Tapi, jika tidak ada agunan, bagaimana mungkin seorang kepala kantor cabang pembantu, yang umumnya hanya bisa mencairkan kredit tak lebih dari Rp 150 jutaan, bisa memberikan kredit puluhan miliar? Para hakim juga percaya kepada pejabat BRI yang menyatakan bahwa Asep adalah ?pemain solo? dalam manipulasi ini dan menimpakan semua kesalahan kepadanya.
Asep yang malang. Dia kini harus puas hidup dalam sel ukuran 2 meter persegi. Puas dengan makan seadanya. ?Saya tidak bisa beli jajan karena tak punya duit,? ujarnya.
Asep mungkin bukan malaikat. Bagi seorang bankir, mendatangkan deposan dan memberikan kredit adalah prestasi. Dia tahu benar ada beberapa prosedur pencairan kredit yang dilanggarnya demi mengukir prestasi. ?Dia melanggar itu semua demi promosi jabatan, yakni menjadi kepala salah satu kantor cabang BRI di Jakarta,? kata Else Susan, pengacara Asep dalam peradilan tahap pertama.

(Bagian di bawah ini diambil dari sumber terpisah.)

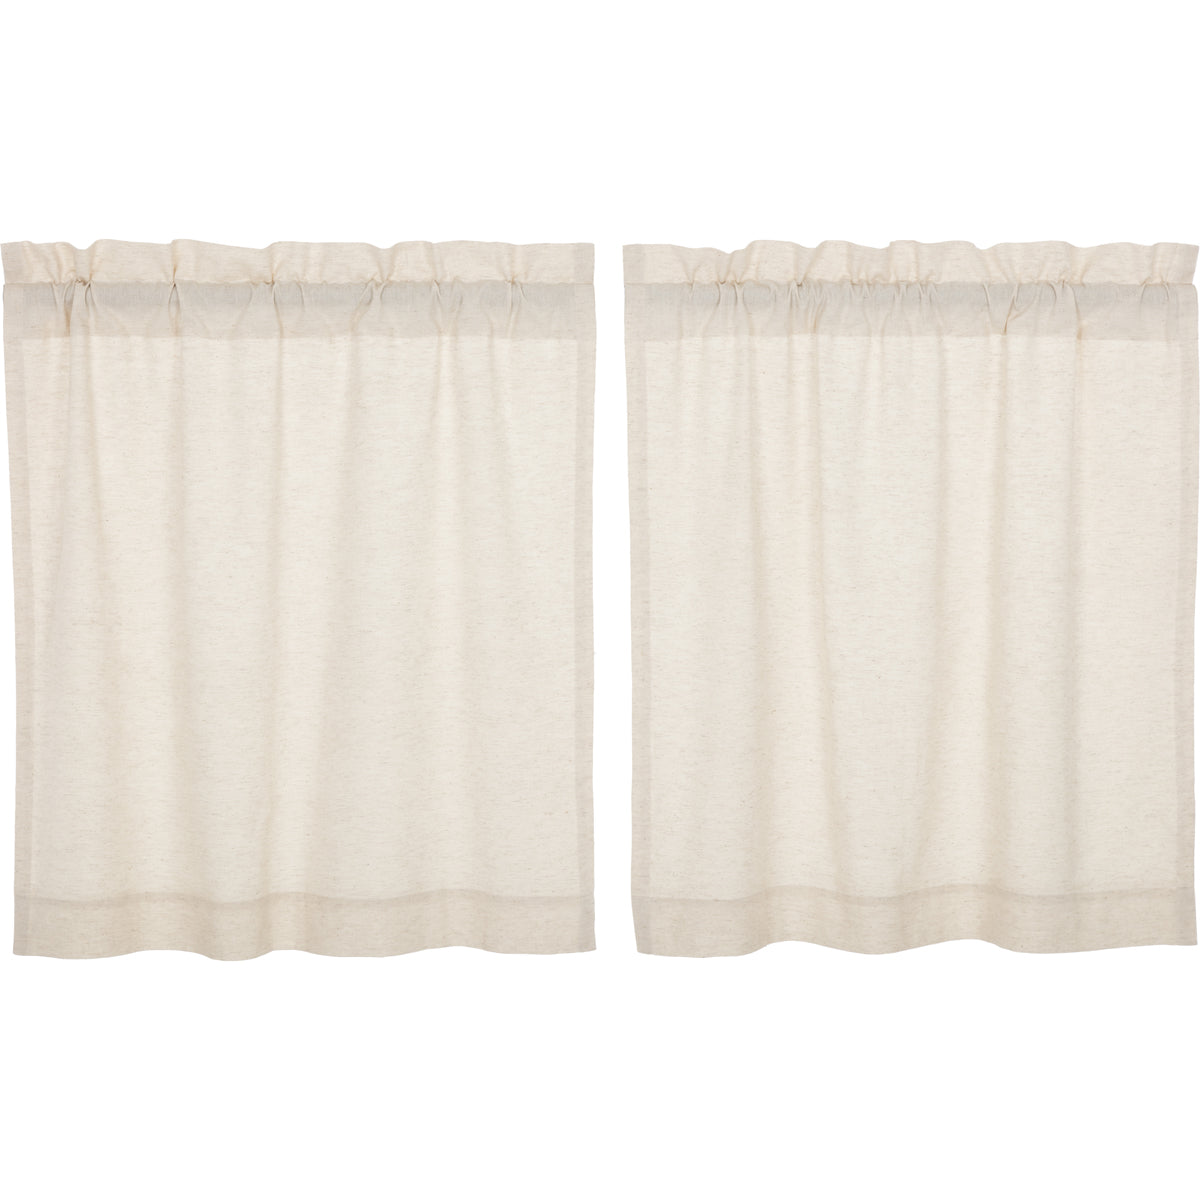 April & Olive Simple Life Flax Natural Tier Set of 2 L36xW36 By VHC Brands

Bagaimanapun, pengadilan Asep memang menyisakan banyak pertanyaan ketimbang jawaban. Benarkah para pejabat Jamsostek tidak terlibat dan tidak tahu-menahu urusan ini? Bagaimana pula dengan atasan Asep di BRI?
?Saya tidak tahu kenapa bisa jadi begini,? kata Asep dengan nada geram. Dia merasa menjadi korban permainan hukum. ?Saya ini sarjana hukum niaga, tapi saya tidak belajar jual-beli hukum!?
Semua cerita berawal ketika Asep mulai menjabat Kepala BRI Surya Kencana. Dia mengaku kesulitan menarik nasabah untuk menyimpan deposito. Hal ini membuat dia tertantang dan akhirnya bergerilya ke Jakarta mencari dana segar. Pucuk dicinta, deposito tiba. Pada Mei 2003, dia bertemu dengan Ferdinand Dumais, yang mengaku sebagai Fund Manager Maya Pada Bank, sebuah bank swasta di Jakarta. Ferdinand berjanji bisa mendatangkan deposito dalam jumlah besar dari Jamsostek.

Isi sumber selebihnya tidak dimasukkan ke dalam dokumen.